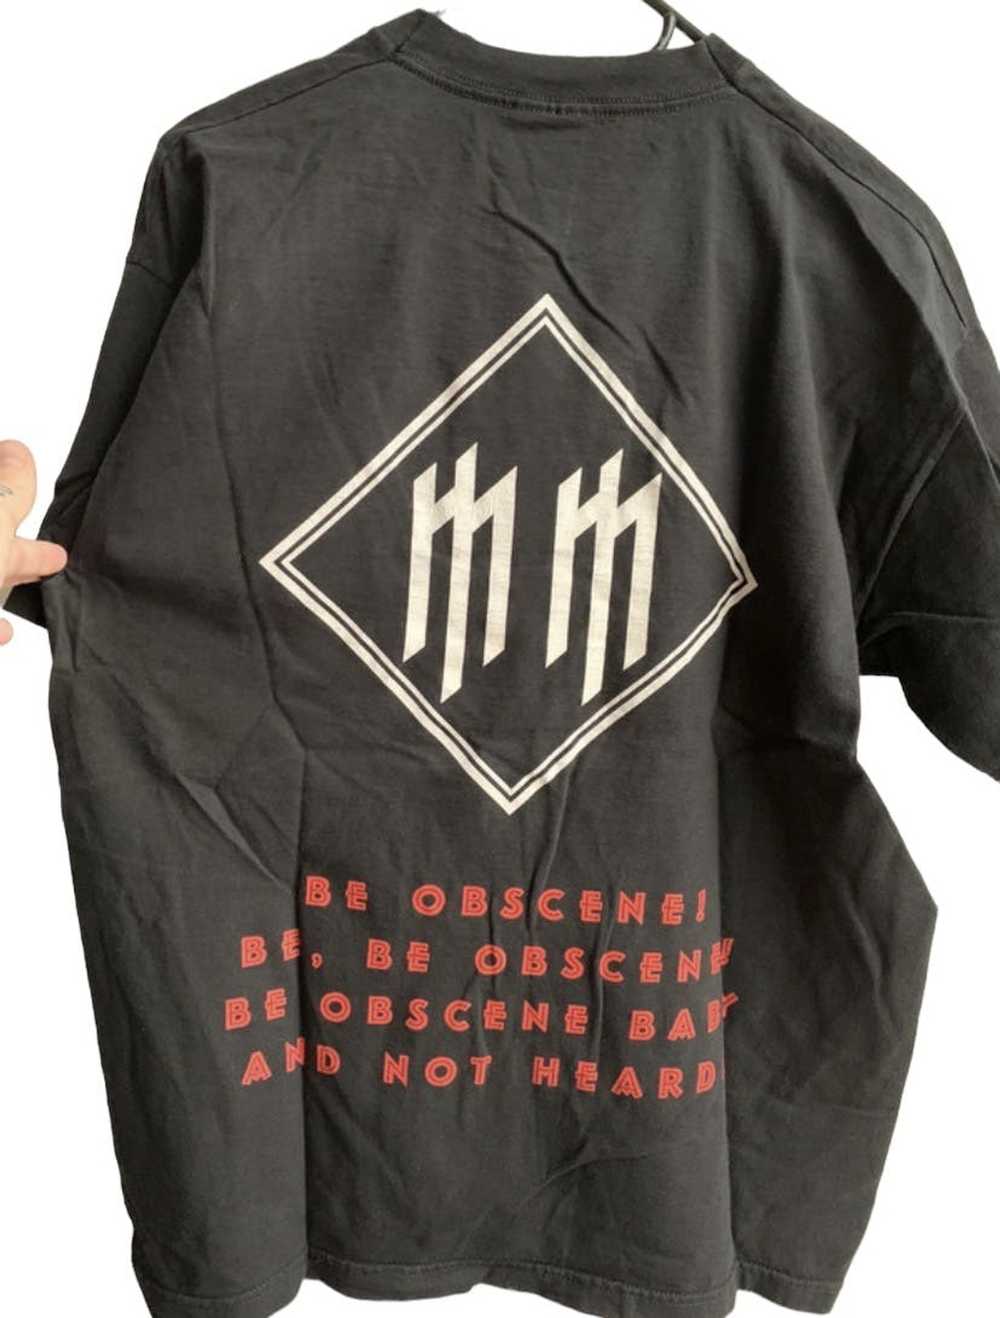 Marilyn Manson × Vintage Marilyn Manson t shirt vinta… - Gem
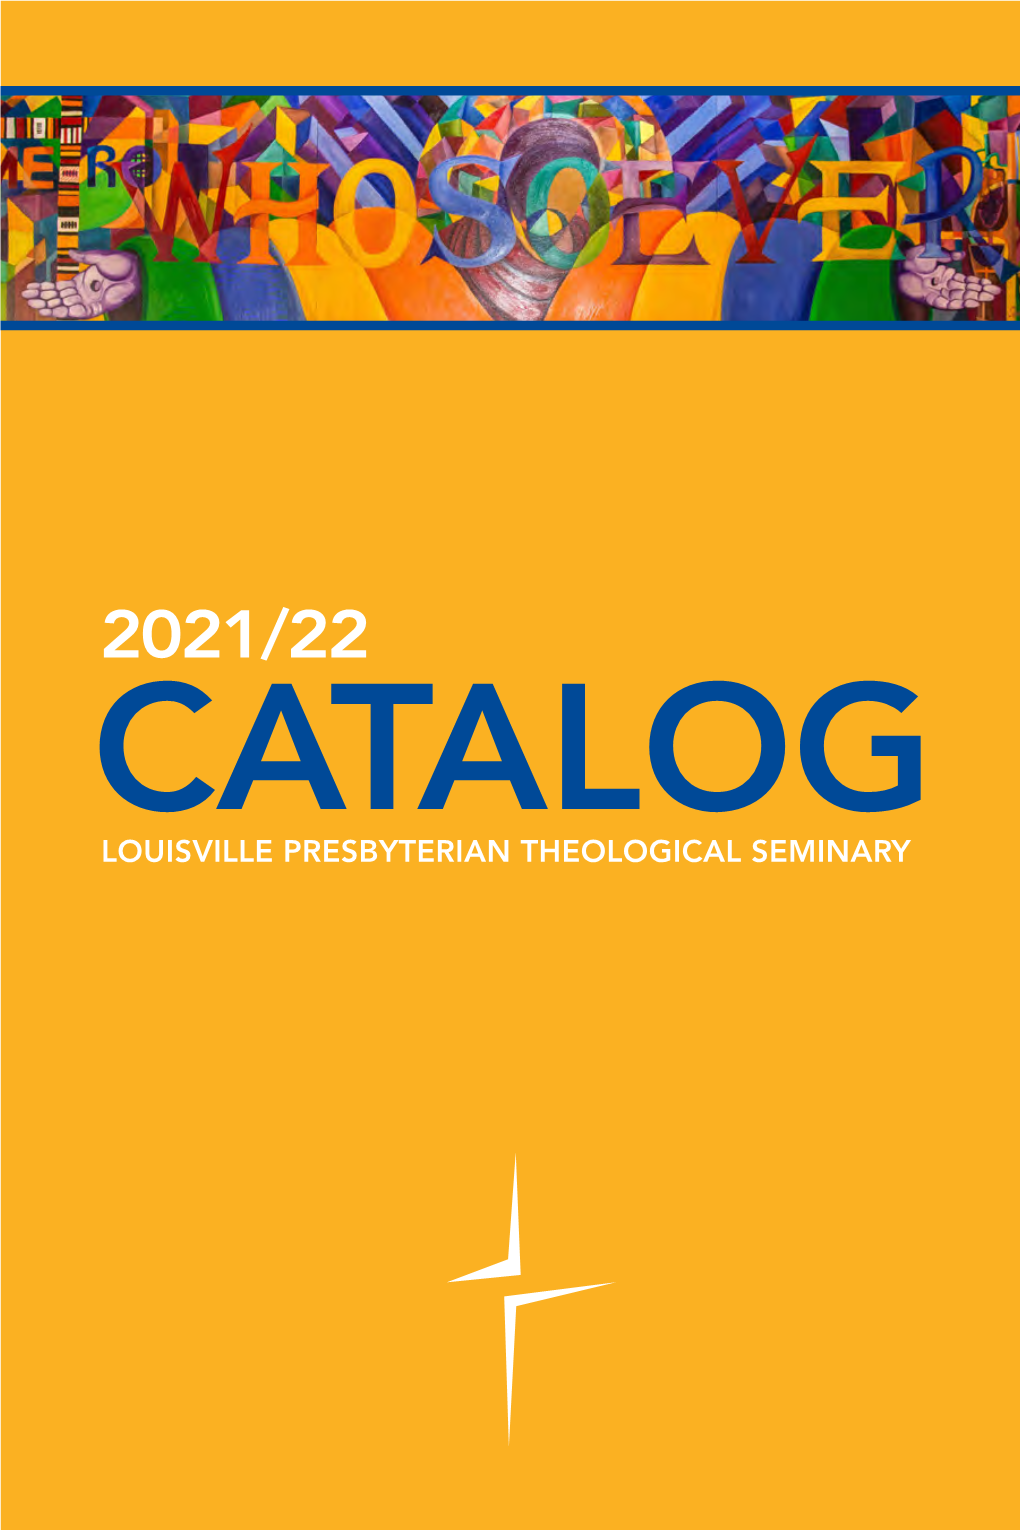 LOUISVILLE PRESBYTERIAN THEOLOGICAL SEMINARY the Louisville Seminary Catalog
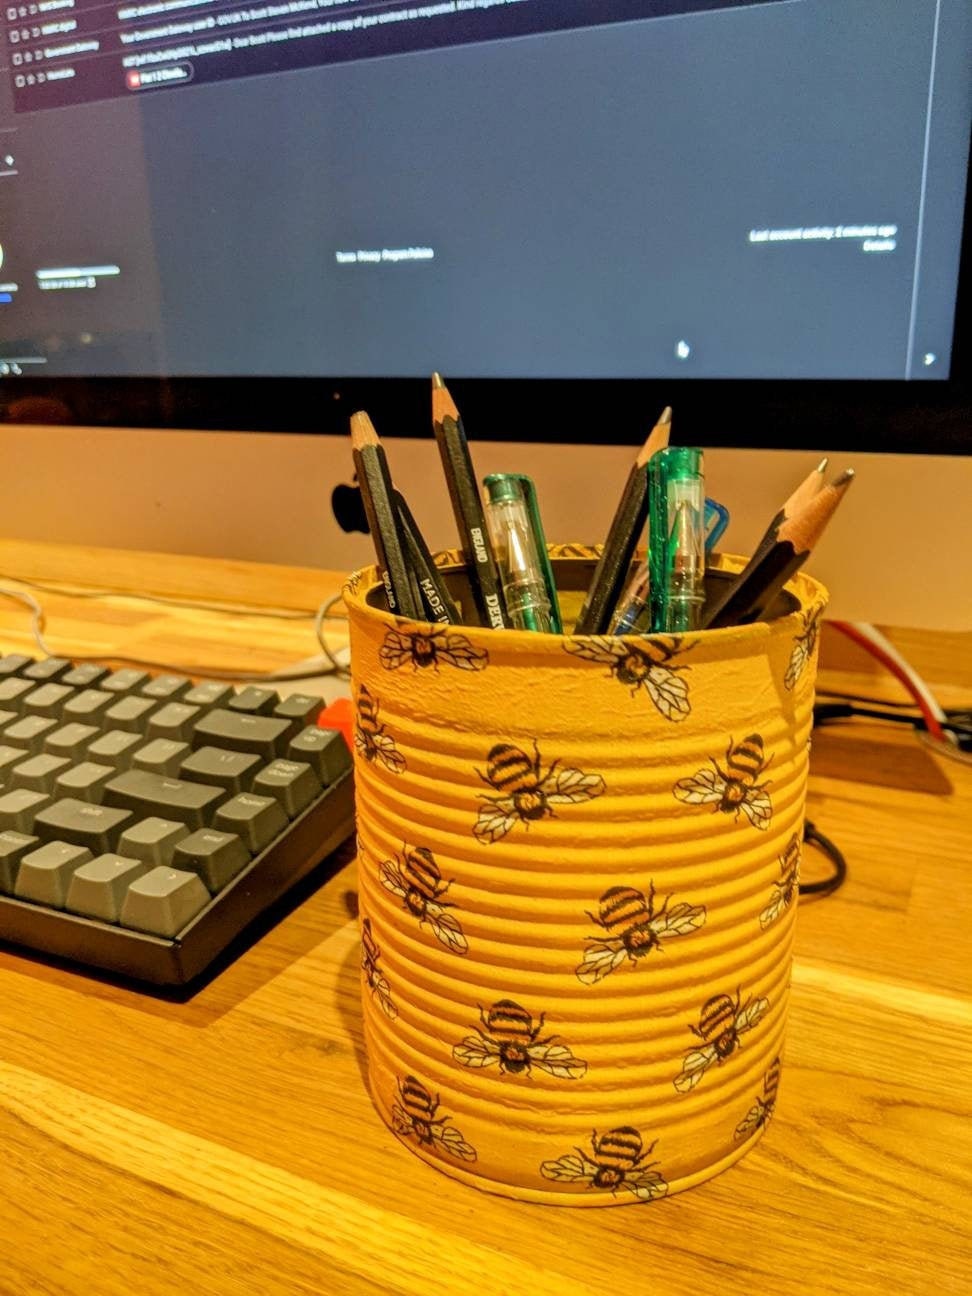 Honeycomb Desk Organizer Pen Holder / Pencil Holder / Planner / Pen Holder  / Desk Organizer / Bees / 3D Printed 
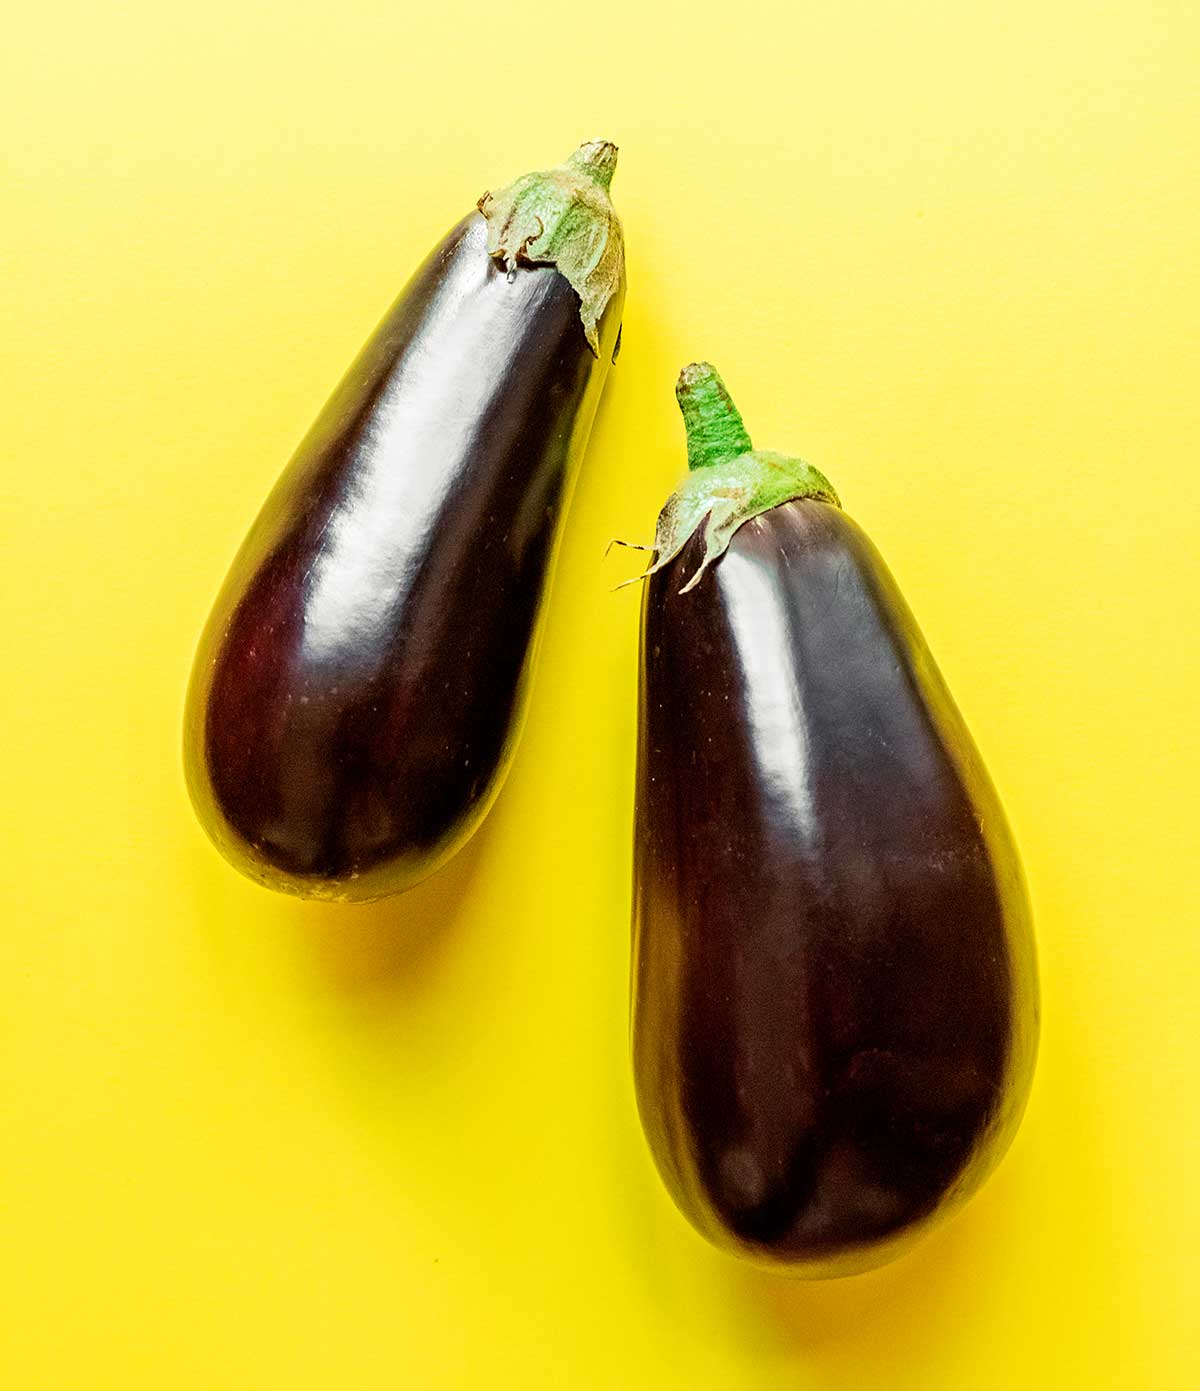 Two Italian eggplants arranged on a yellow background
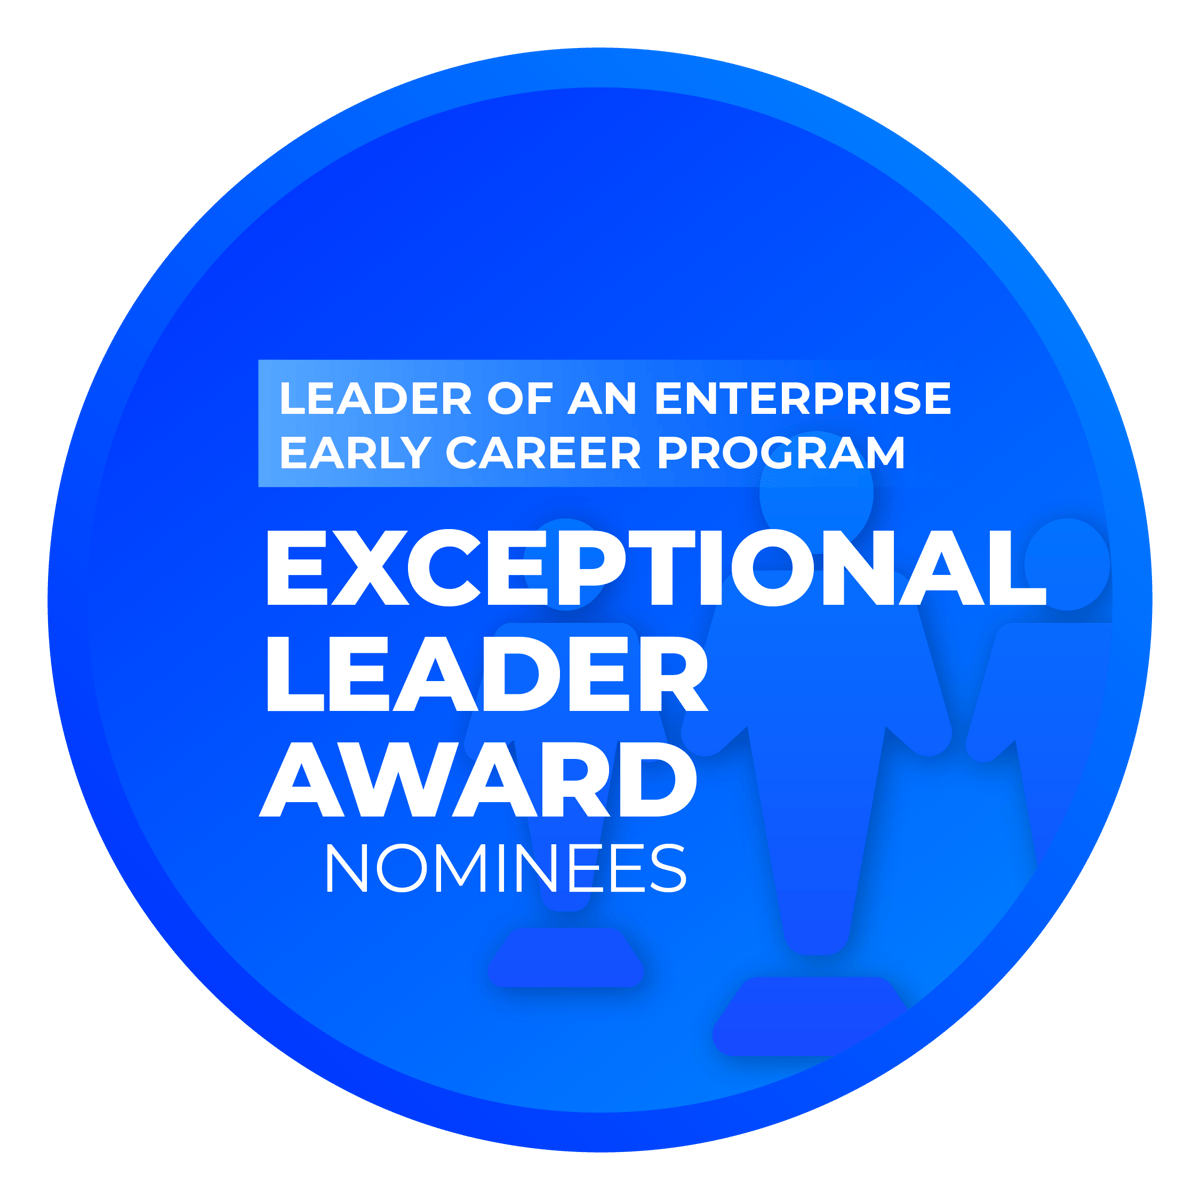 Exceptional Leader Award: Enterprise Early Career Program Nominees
--
(Task to carry out): Output a verbatim copy of the lines from the line containing "LOUISVILLE PRESBYTERIAN THEOLOGICAL" through the end of the data, both included, without any images.

(Solution below):
 LOUISVILLE PRESBYTERIAN THEOLOGICAL SEMINARY the Louisville Seminary Catalog
 Honeycomb Desk Organizer Pen Holder / Pencil Holder / Planner / Pen Holder  / Desk Organizer / Bees / 3D Printed 
 Two Italian eggplants arranged on a yellow background
 Exceptional Leader Award: Enterprise Early Career Program Nominees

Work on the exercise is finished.